Tuesday, March 13, 2012

Britain's part in Afghan War "disaster from the start"

As preface to the following analysis, this quote:
Downing Street was delighted with Barack Obama's ringing endorsement of the Anglo-American special relationship at the White House welcoming ceremony on Wednesday morning.
-- March 15, The Guardian

UK mission in Afghanistan - disaster from the start
March 13, 2012
The Guardian

A top priority for David Cameron and Barack Obama in their talks in Washington on Wednesday must be to convince the rest of the world that they really do want a political and strategic settlement in Afghanistan, and they want one soon. And it must be all-embracing and inclusive.

Senior Pakistani officials are correct when they say they have a special relationship with Afghanistan and no deal can be imposed on Kabul by the US. It is a legitimate argument, not only because of the activities of the Pakistan Taliban or Pakistan's role in exacerbating the insurgency in Afghanistan, but on the consequences of the Durand Line, that artificial boundary drawn up by a British official in the nineteenth century that cut through Pashtun tribal areas.

Serious talks must include all those who have a stake in Afghanistan's future. They should include Russia - increasingly concerned about the supply of heroin and a potential threat posed by Islamic militants in Afghanistan's northern neighbours, notably Uzbekistan - Iran, India, and China.

To demand as a matter of urgency a geopolitical and security settlement of the conflict in Afghanistan is in no way a kneejerk response to the killings of innocent killings by a US soldier of Afghan civilians, nine of them children.

It has been evident for a long time, whatever British and American generals say, that the presence of thousands of their troops in Afghanistan is contributing nothing to the national security of the UK or the US. On the contrary. Meanwhile, within Afghanistan, poverty and hunger abound.

Asked last month how he saw the situation in Afghanistan, Reto Stocker, head of the International Committee of the Red Cross delgation in the country replied: "Many Afghans simply say they want to leave their homeland. And they are questioning what has really improved over the past 10 years of conflict. Of course a lot of things have changed. There have been improvements to infrastructure and communications, to name only two areas.".

Stocker added: "But for the vast majority of the population Afghanistan is still a country at war, and they see little hope of the situation getting better anytime soon. In many parts of the country, and across different social groups, from what we can judge, there is a widespread mood of desperation".

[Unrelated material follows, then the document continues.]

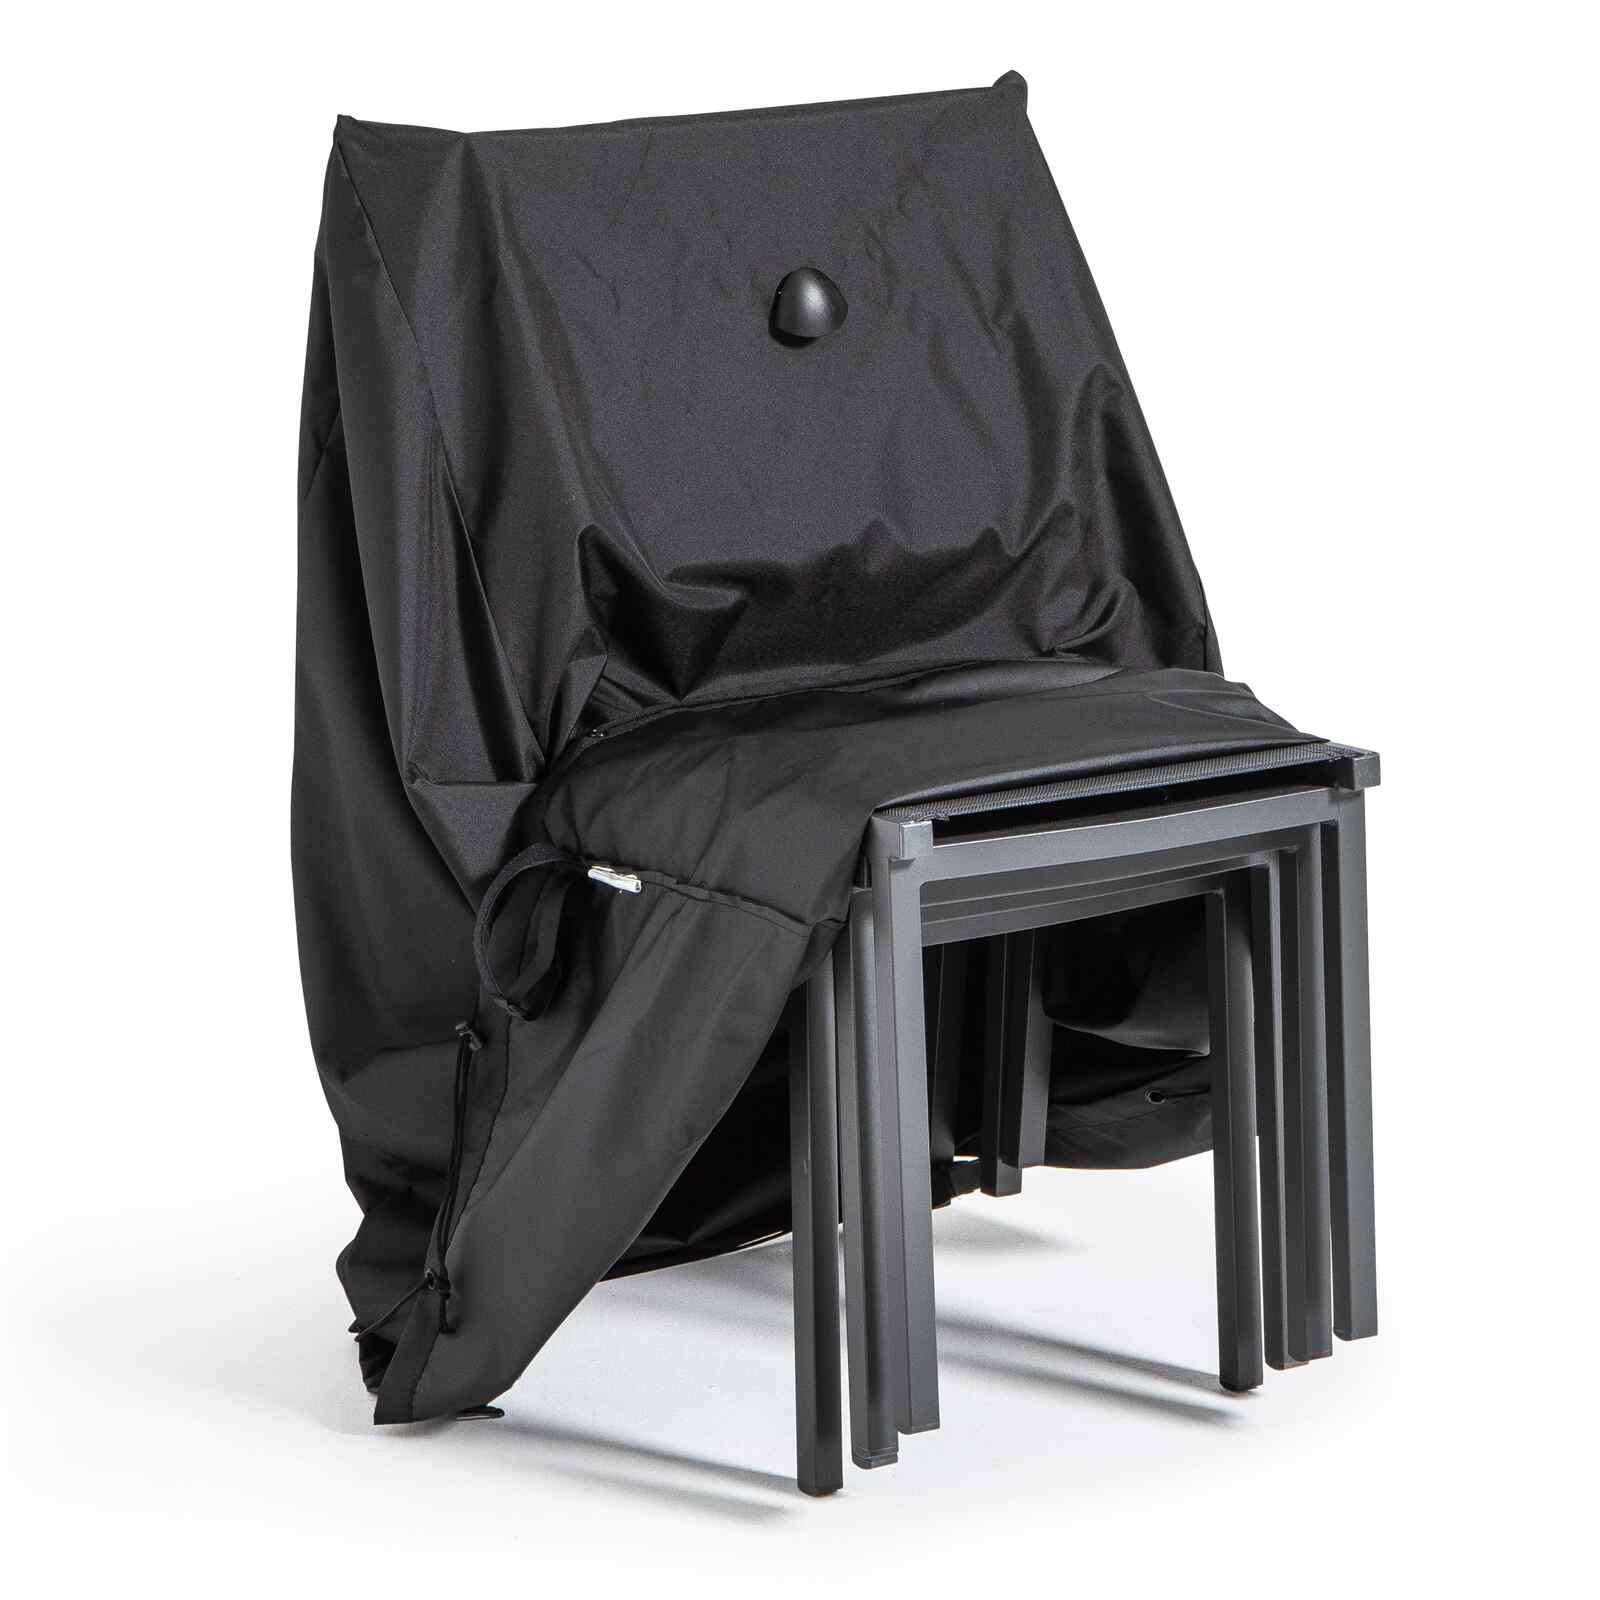 Housse de protection pour fauteuil de jardin - Housse de

The highly respected commentator and author, Ahmed Rashid, wrote this week in the Financial Times: "Increasing numbers of Afghans would agree with what the Taliban have been arguing for almost a decade: that the western presence in Afghanistan is prolonging the war, causing misery and bloodshed."

Britain's military presence in Afghanistan was ill-conceived from the start. With ill-judged enthusiasm Tony Blair in 2001 said Britain would be responsible for eliminating the reliance on the opium poppy harvest.

Among the first serious problems British troops faced when they were deployed in their thousands to Helmand in 2006 was how to allay Afghan fears that their livelihood was about to be taken away from them. "We're not here to destroy the poppy harvest", assured the soldiers, anxious not to provoke further an Afghan population already deeply suspicious of the motives of those who sent in the foreign troops.

Opium poppy and heroin production in Afghanistan is now at record levels.

The troops were deployed to Helmand in 2006 at a time the British army and their commanders were desperate to make amends for the failure to establish law and order in Basra. Far from learning the lessons from Iraq, the mistakes were compounded.

British commanders sent to Afghanistan, like those before them in Iraq, were given no intelligence about what to expect. What intelligence was passed on to them was, if anything, misleading. Nato spokesmen, concerned about doubts expressed even then in parliaments and by public opinion in member states, downplayed the dangers. Ill-conceived though well-meant tactics were made up on the hoof by UK commanders, sometimes forced on them by local Afghan governors and warlords.

British commanders lacked no courage in the field, and their troops lacked no bravery - far from it. But they were reluctant to confront their political masters. To speak truth to power.